Scream – And Die! aka The House That Vanished aka Scream and Die aka Please! Don’t Go in the Bedroom aka Psycho Sex Fiend (1973)

directed by joseph larraz aka josÉ ramÓn larraz
a blackwater film production

So many titles and so many threatening adverts for such a tepid plod whose only semblance of tension arises from the wait for occasional actress and future lad-mag model Andrea Allan to disrobe. Who’s the killer, you might wonder for an idle minute, correctly identifying the obvious attempts at misdirection, and also realizing that you don’t much care so long as you’re assured the picture will be ending. When it does reach that ending, full dark night abruptly shifts to very bright daytime. Clearly, the filmmakers wanted to get it over with, too. Perhaps this is why they don’t bother tying up any loose ends … such as letting us in on why our heroine got involved in this affair in the first place, or how some of the action could have occurred unless the culprit read the script, or by what means one of the characters ends up dead during the finale when she couldn’t reasonably have been anywhere near the location in question.
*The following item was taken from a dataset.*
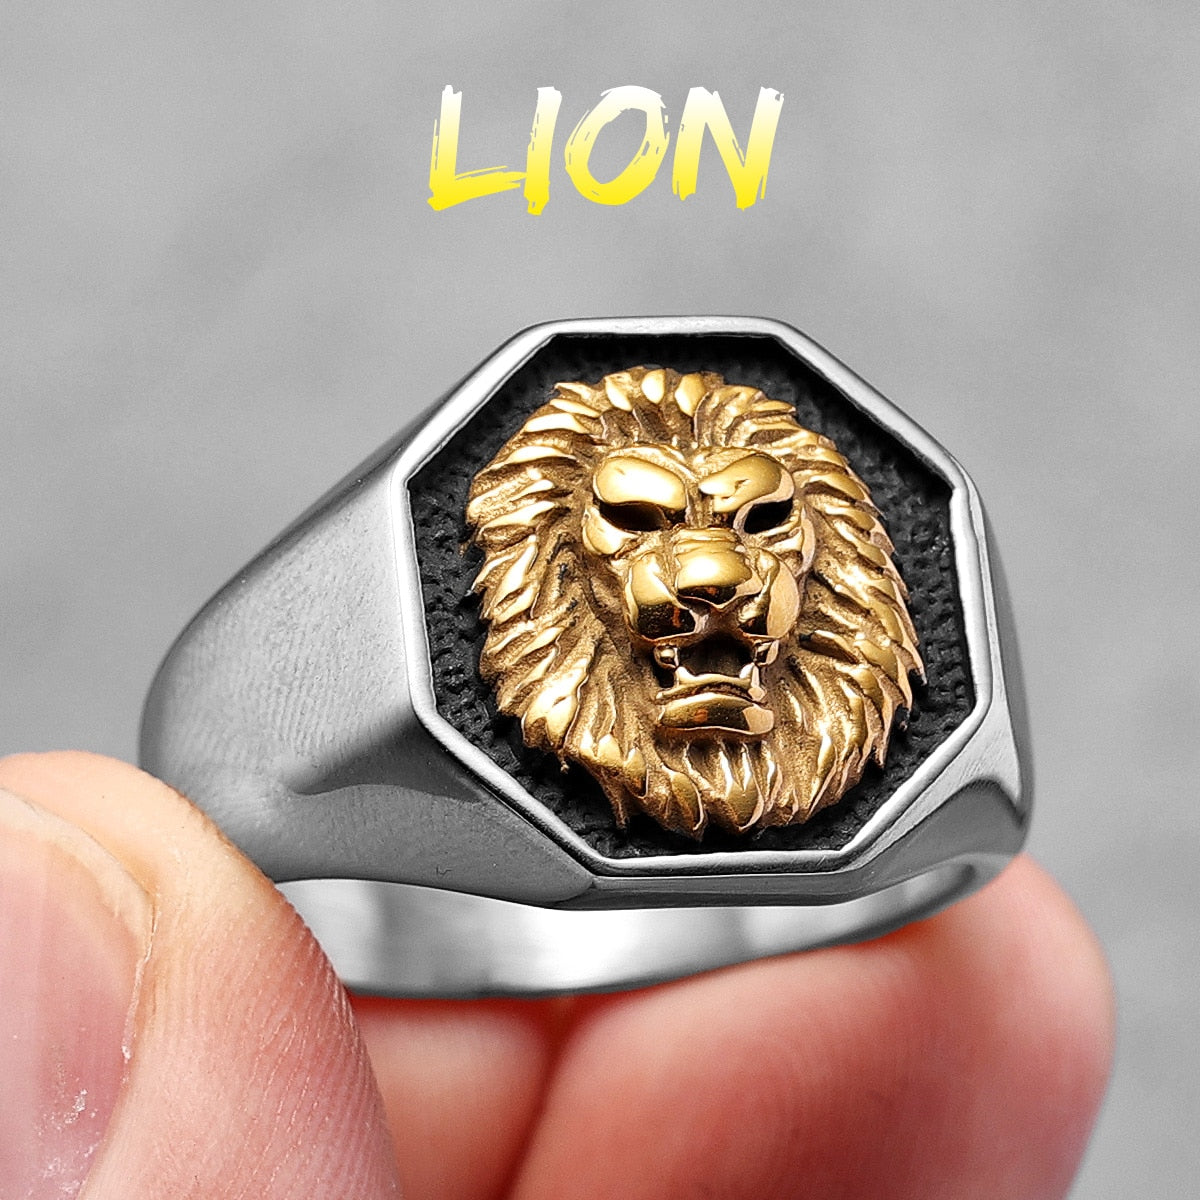 Lion King Animal Stainless Steel Mens Women's Rings Punk Trendy Unique for Couple Male Biker Jewelry Creativity Gift R760-Lion-SG

This movie also contains an incestuous sex scene, because why not throw that in there, too.

why did i watch this movie?

I must have been lured in by the promise inherent in the lurid early ’70s British cinema I’ve been “enjoying” of late, but to be frank, I have no idea.
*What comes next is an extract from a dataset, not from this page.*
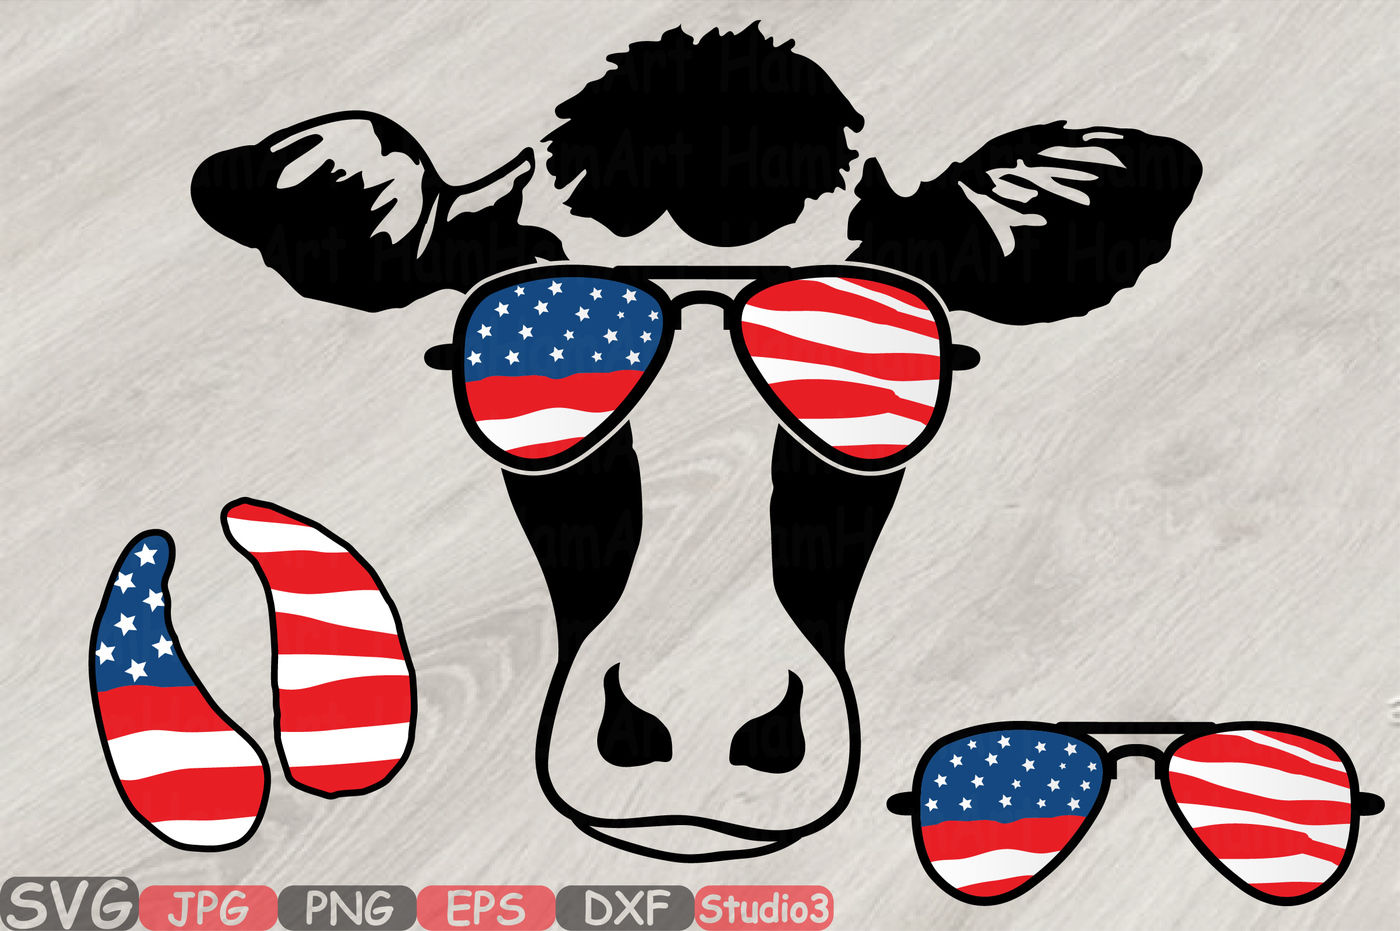 Download Cow USA Flag Glasses Silhouette SVG cowboy western 4th ...

should you watch this movie?

It’s not nearly lurid enough to justify that.

highlight and low point

The second murder scene is pretty intense, I suppose, but by that point it isn’t even interesting enough to sustain one’s attention. Some of the leftover mod touches of a foundering Swinging London are amusing. A tangential subplot involving pigeons goes absolutely nowhere. Yes, pigeons.

 

rating from outer space: D

Seizure aka Queen of Evil (1974)

directed by oliver stone
cine films inc./euro-american pictures/intercontinental leisure industries ltd./queen of evil ltd. partnership

This audacious piece of humbuggery is the directorial debut of one Oliver Stone, who you may remember from such critically acclaimed films as Salvador and Platoon, or from creating proto-memes in the ’80s with Wall Street, or for his radical-chic flashback Born on the Fourth of July, or from such widely derided slop as The Doors, or from putting you to sleep with Heaven & Earth, or for his meta provocateur turn in Natural Born Killers, or for the overcooked pastiche of U Turn, and so on and so on and SO on, and no, I haven’t bothered with one of his interpretations or obsessions in a long time. Well, get this – right from the jump Ollie wanted you to know all about the creative process. This is actual dialogue:

Author: You really believe in God.
Distinguished friend: I believe in myself, Edmund. Therefore, I have faith … in Him.

Anyway, the Queen of Evil – Kali, it’s theorized – shows up at the writer’s house while he’s having a party, with her henchmen Jackal and Spider, the latter of which is played by Hervé Villechaize, and none of whom may exist. OR DO THEY. Chaos, intrigue, etc., ensues. The picture concludes with a threefold twist ending. Maybe fourfold, who can tell.

why did i watch this movie?

I had no idea such phantasmagoria was Mr. Stone’s entry into the world of directing.

should you watch this movie?

It’s ludicrous enough.

highlight and low point

The Queen of Evil is portrayed with a deliciously arch sangfroid and Stone’s latencies amuse, but you can’t top Villechaize being credited with the still photography for this production in addition to his onscreen role. Also hard to top: how very silly this all is.